**REQUIREMENT:** Transcribe every line of the material below exactly, leaving out the pictures.

RECORDED INFORMATION Block Start

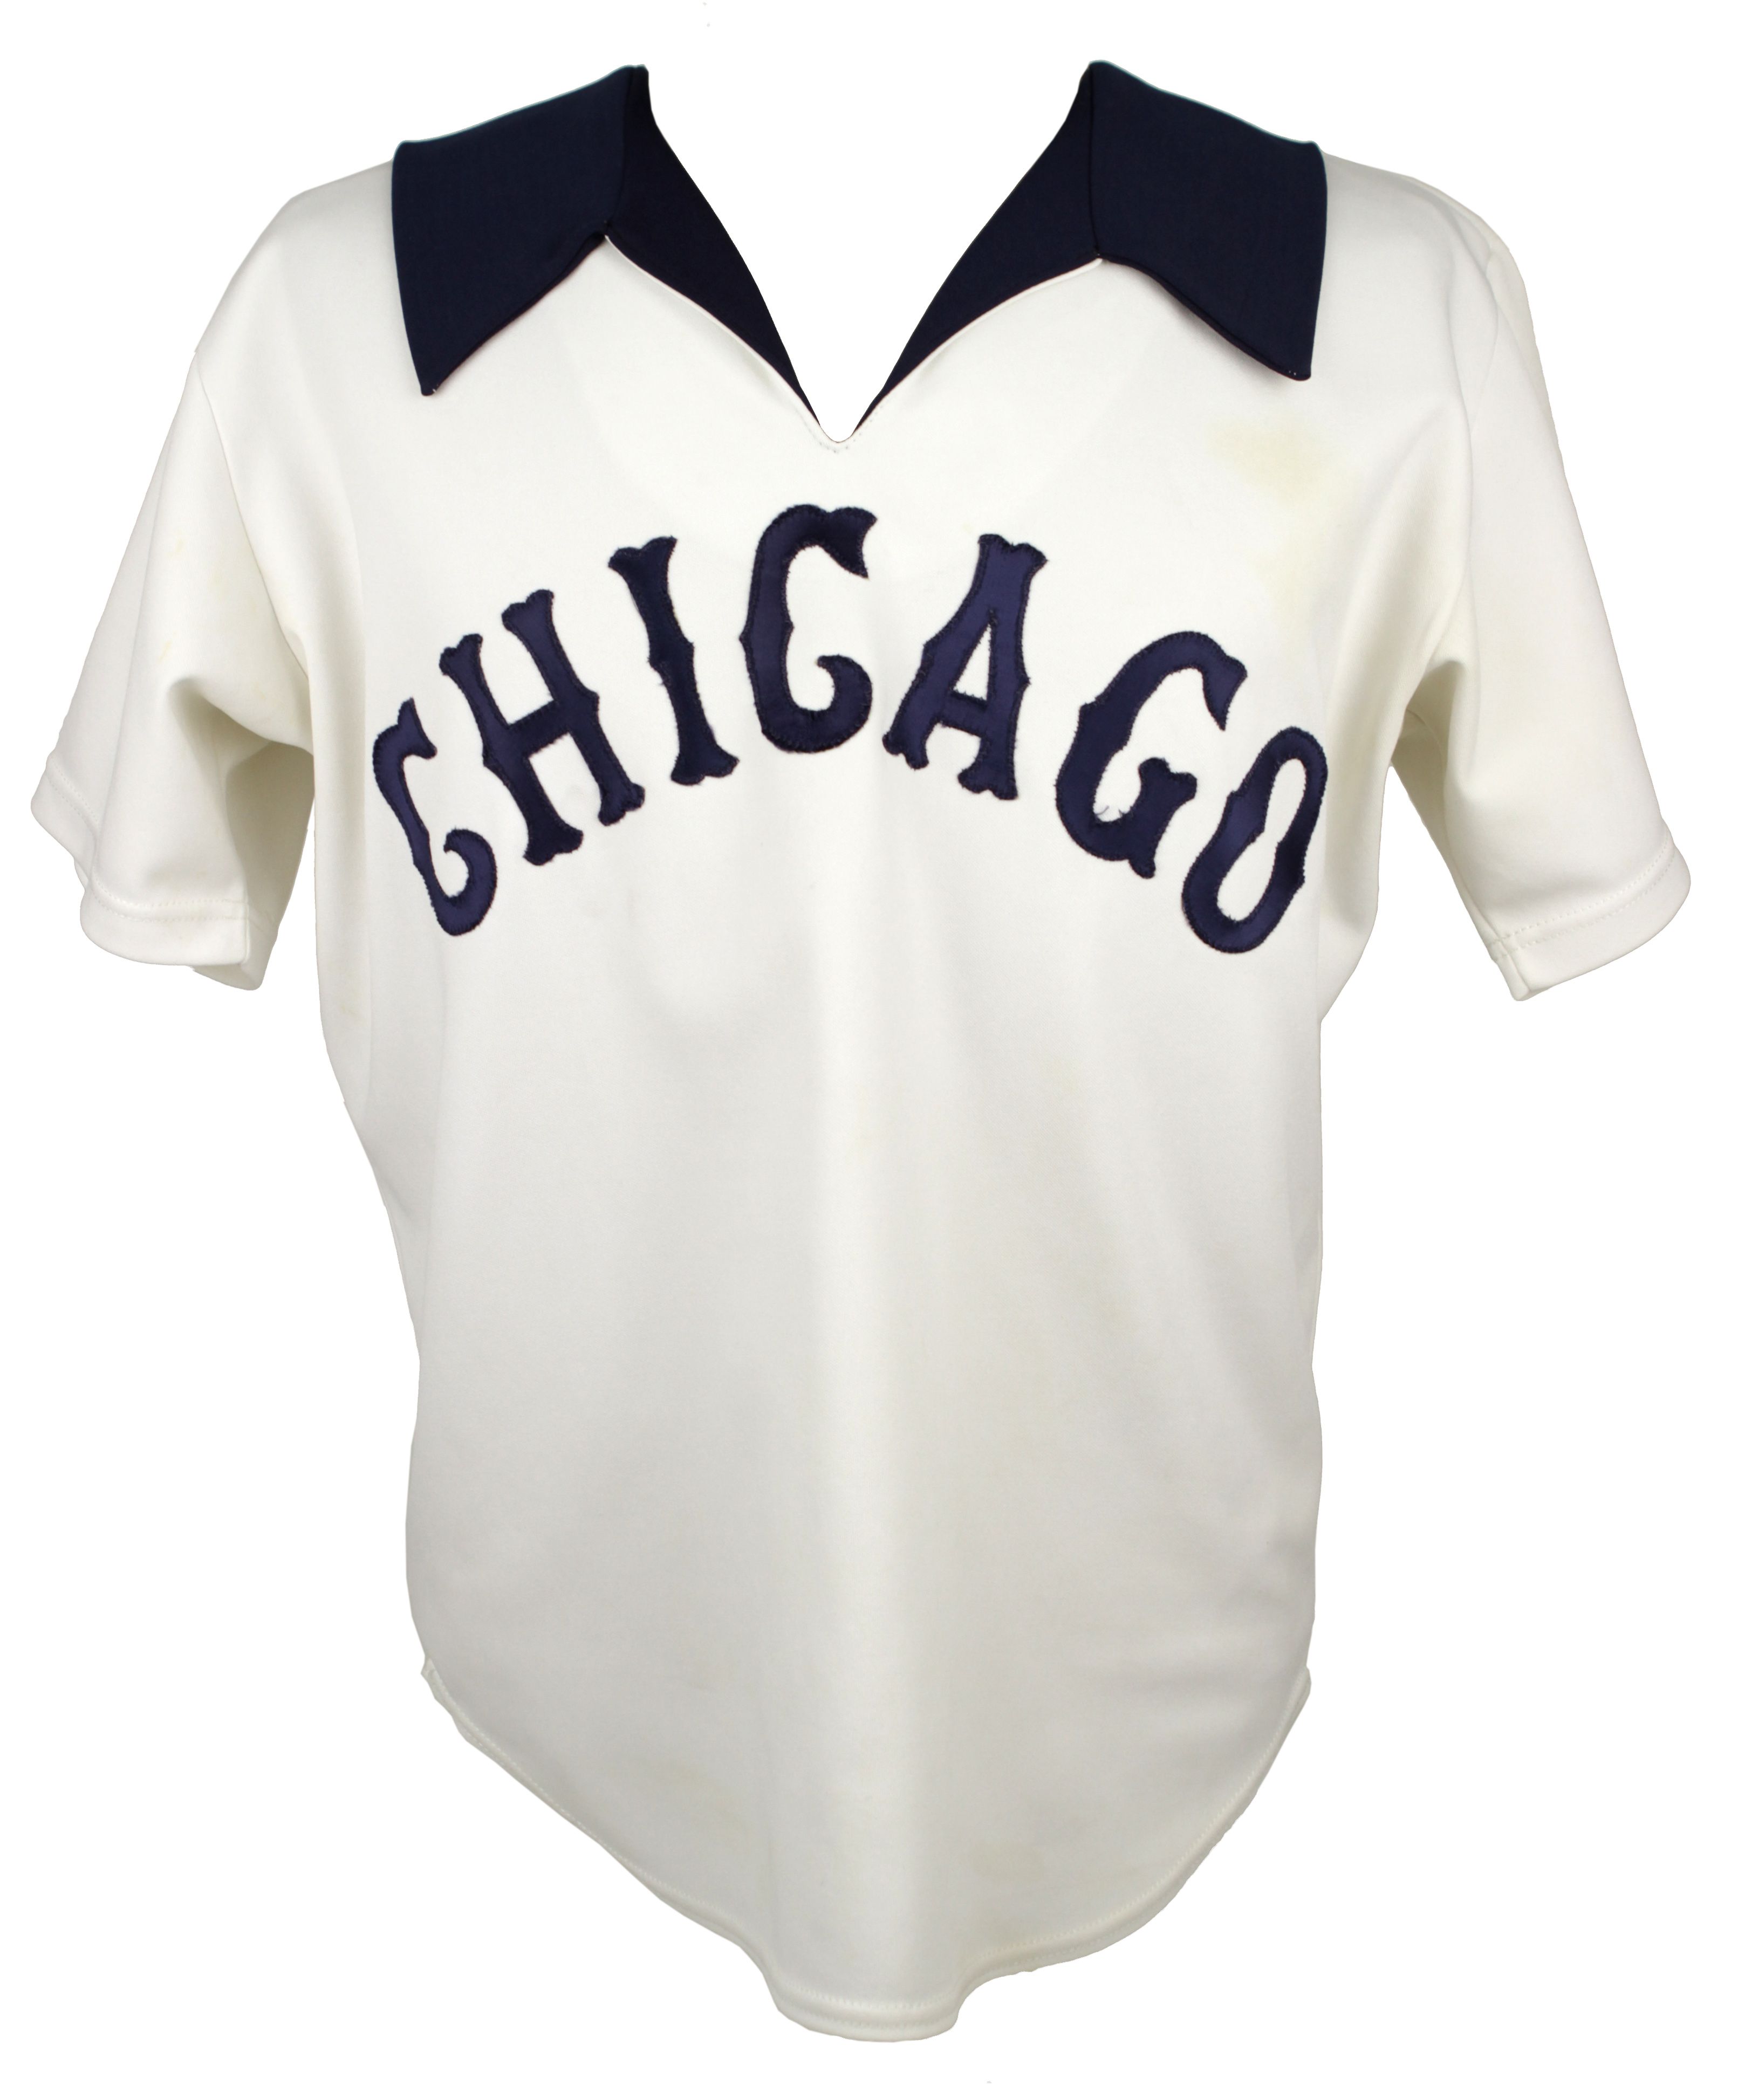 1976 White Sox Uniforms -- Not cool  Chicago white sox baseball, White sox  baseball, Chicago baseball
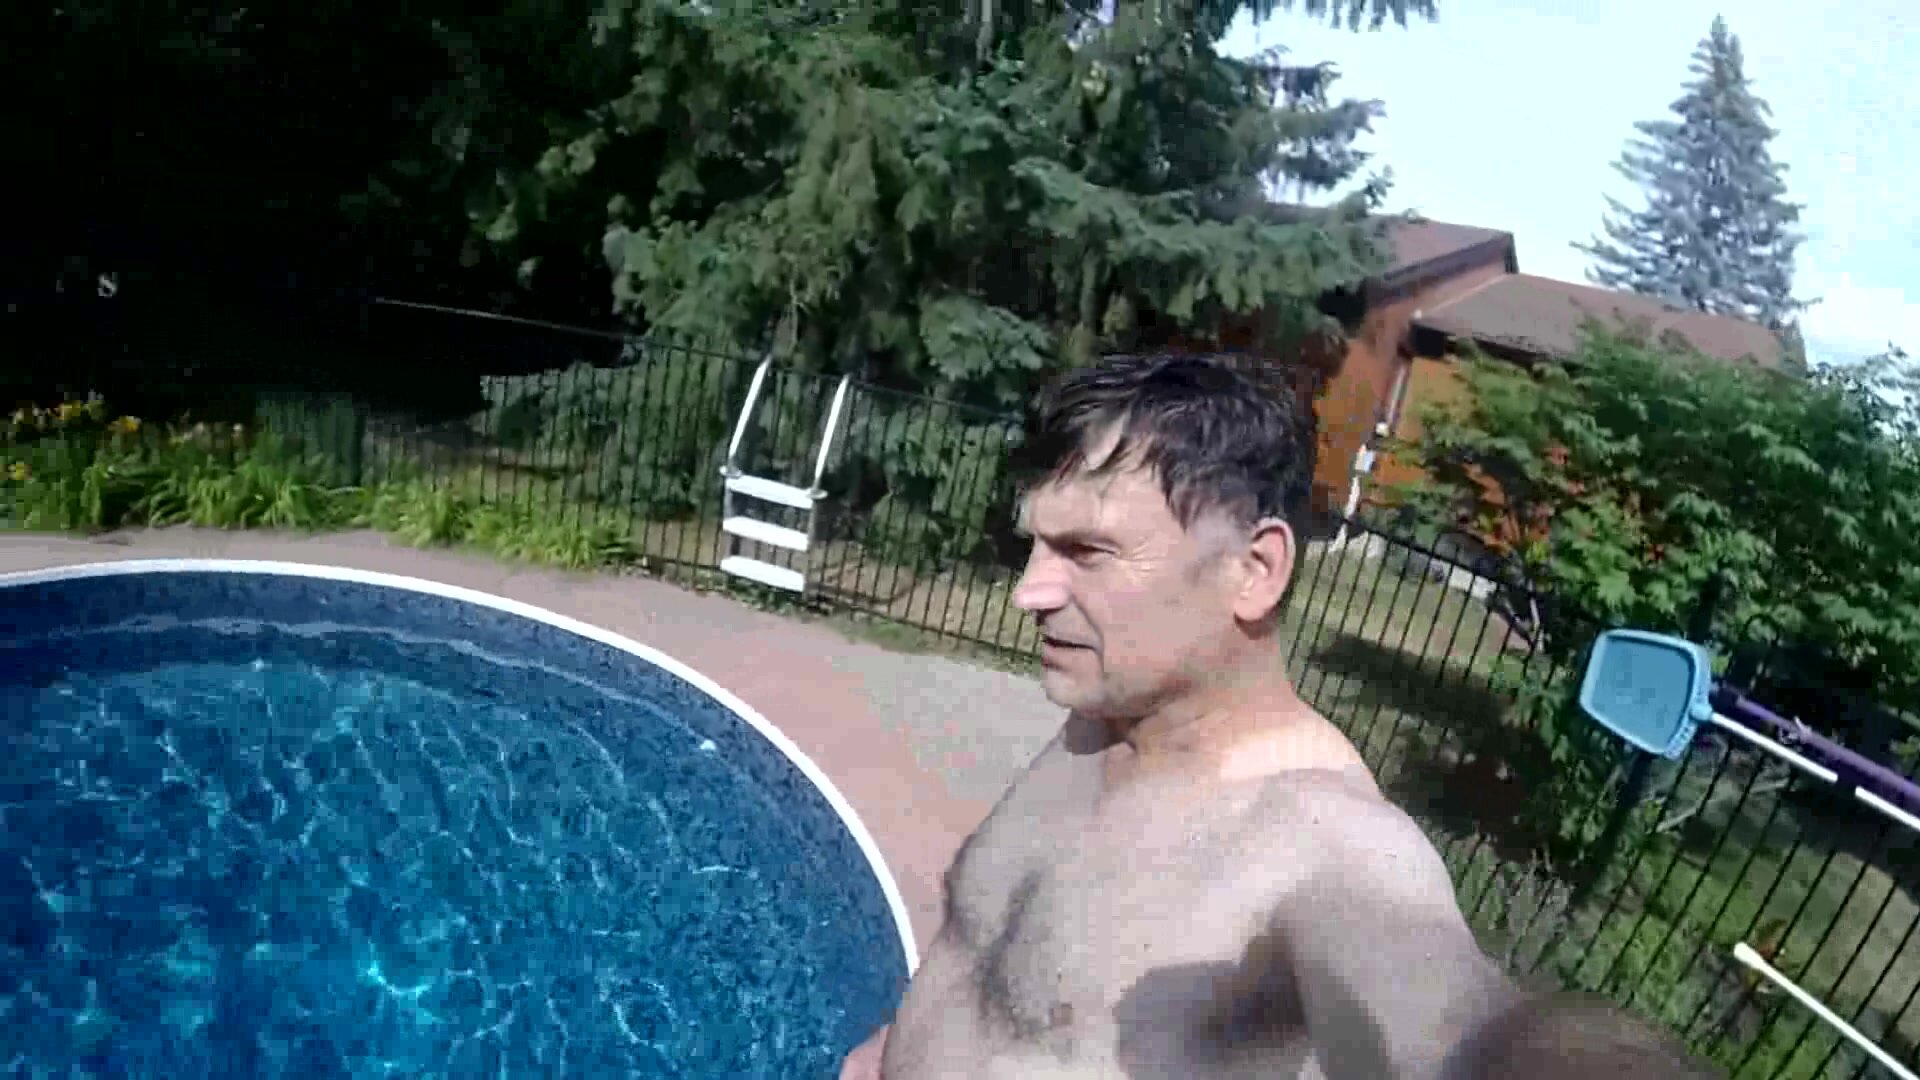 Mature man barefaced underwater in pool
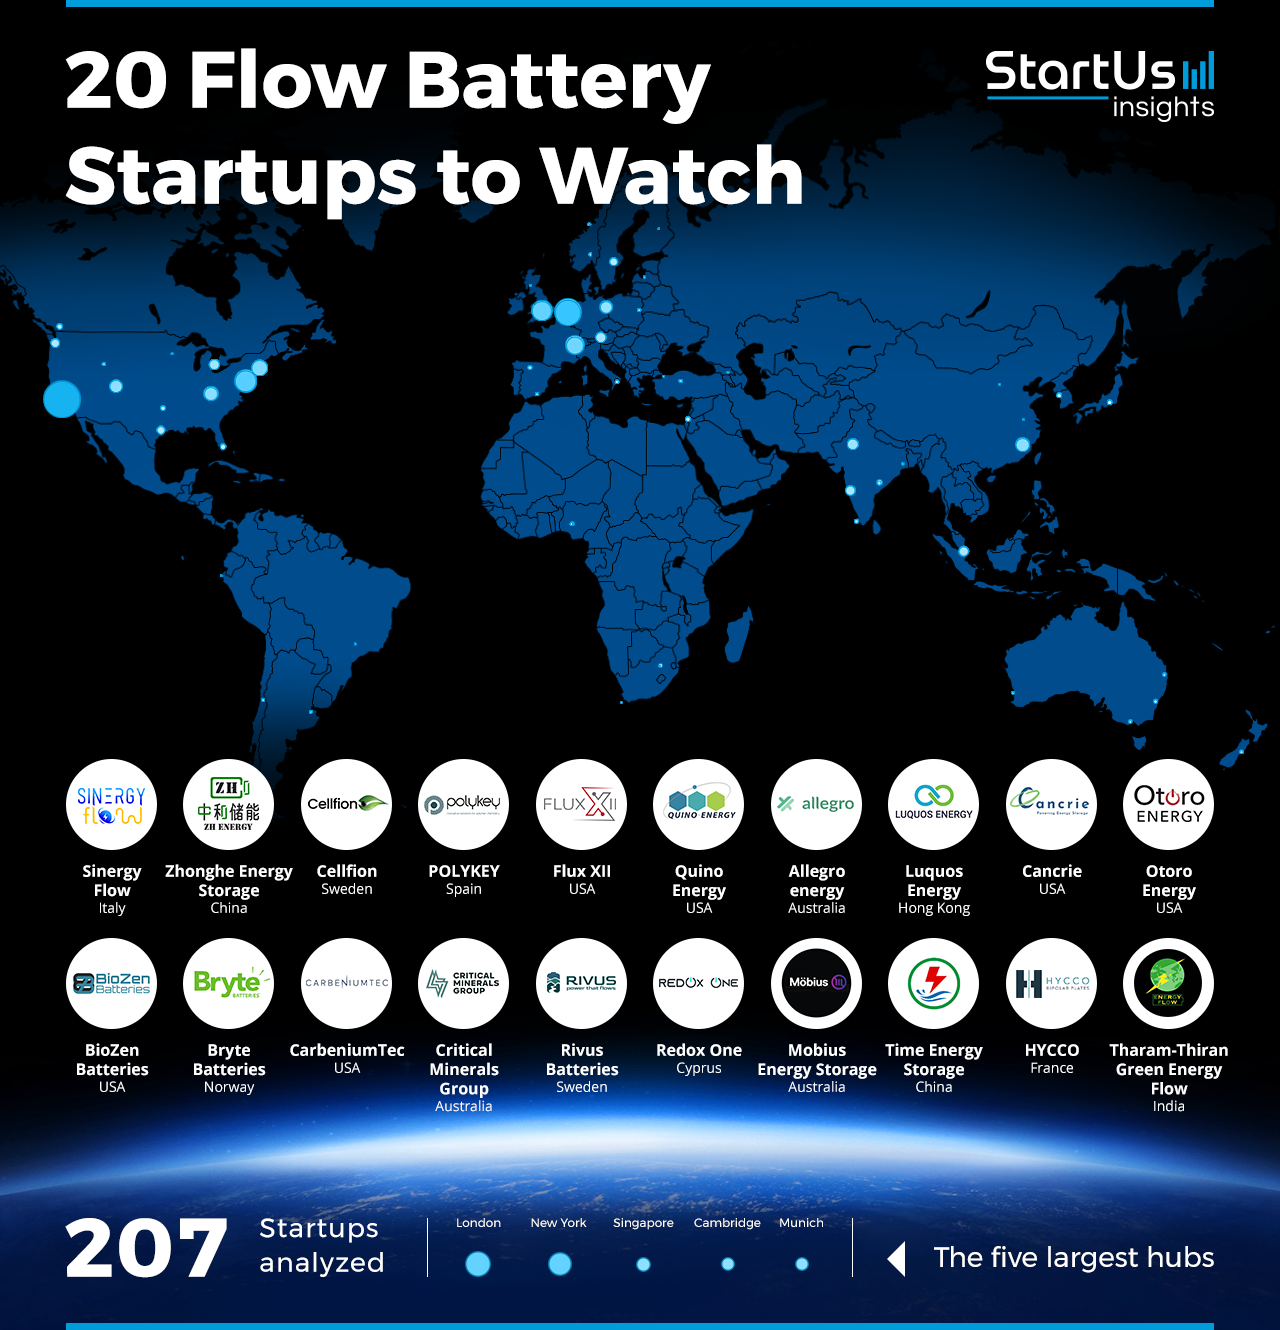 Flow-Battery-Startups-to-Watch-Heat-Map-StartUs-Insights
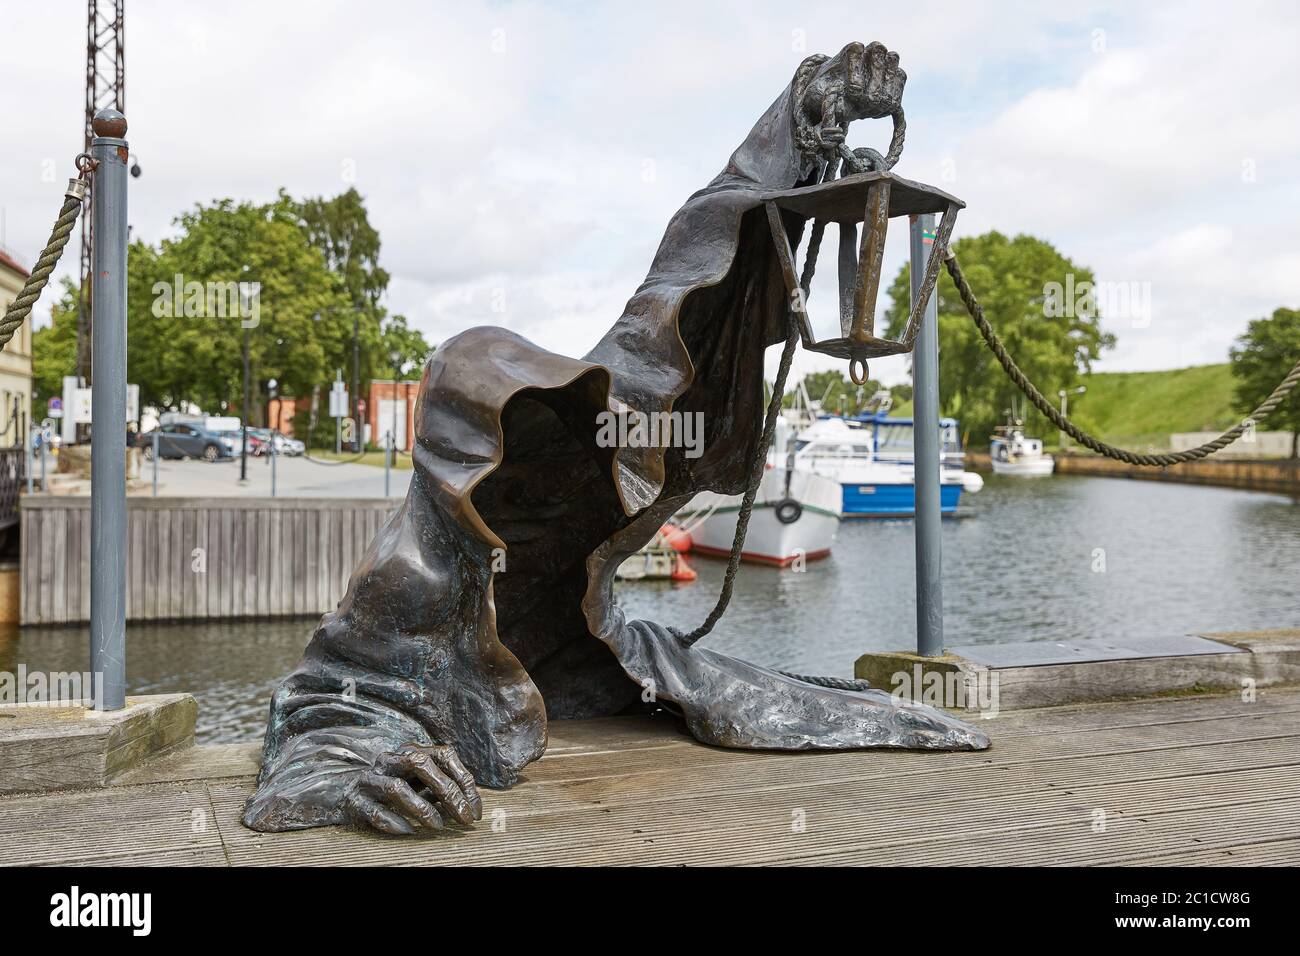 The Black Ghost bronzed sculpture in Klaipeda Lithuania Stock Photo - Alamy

RECORDED INFORMATION Block End

**THE ANSWER:**
 1976 White Sox Uniforms -- Not cool  Chicago white sox baseball, White sox  baseball, Chicago baseball
 Mature man barefaced underwater in pool
 Flow-Battery-Startups-to-Watch-Heat-Map-StartUs-Insights
 The Black Ghost bronzed sculpture in Klaipeda Lithuania Stock Photo - Alamy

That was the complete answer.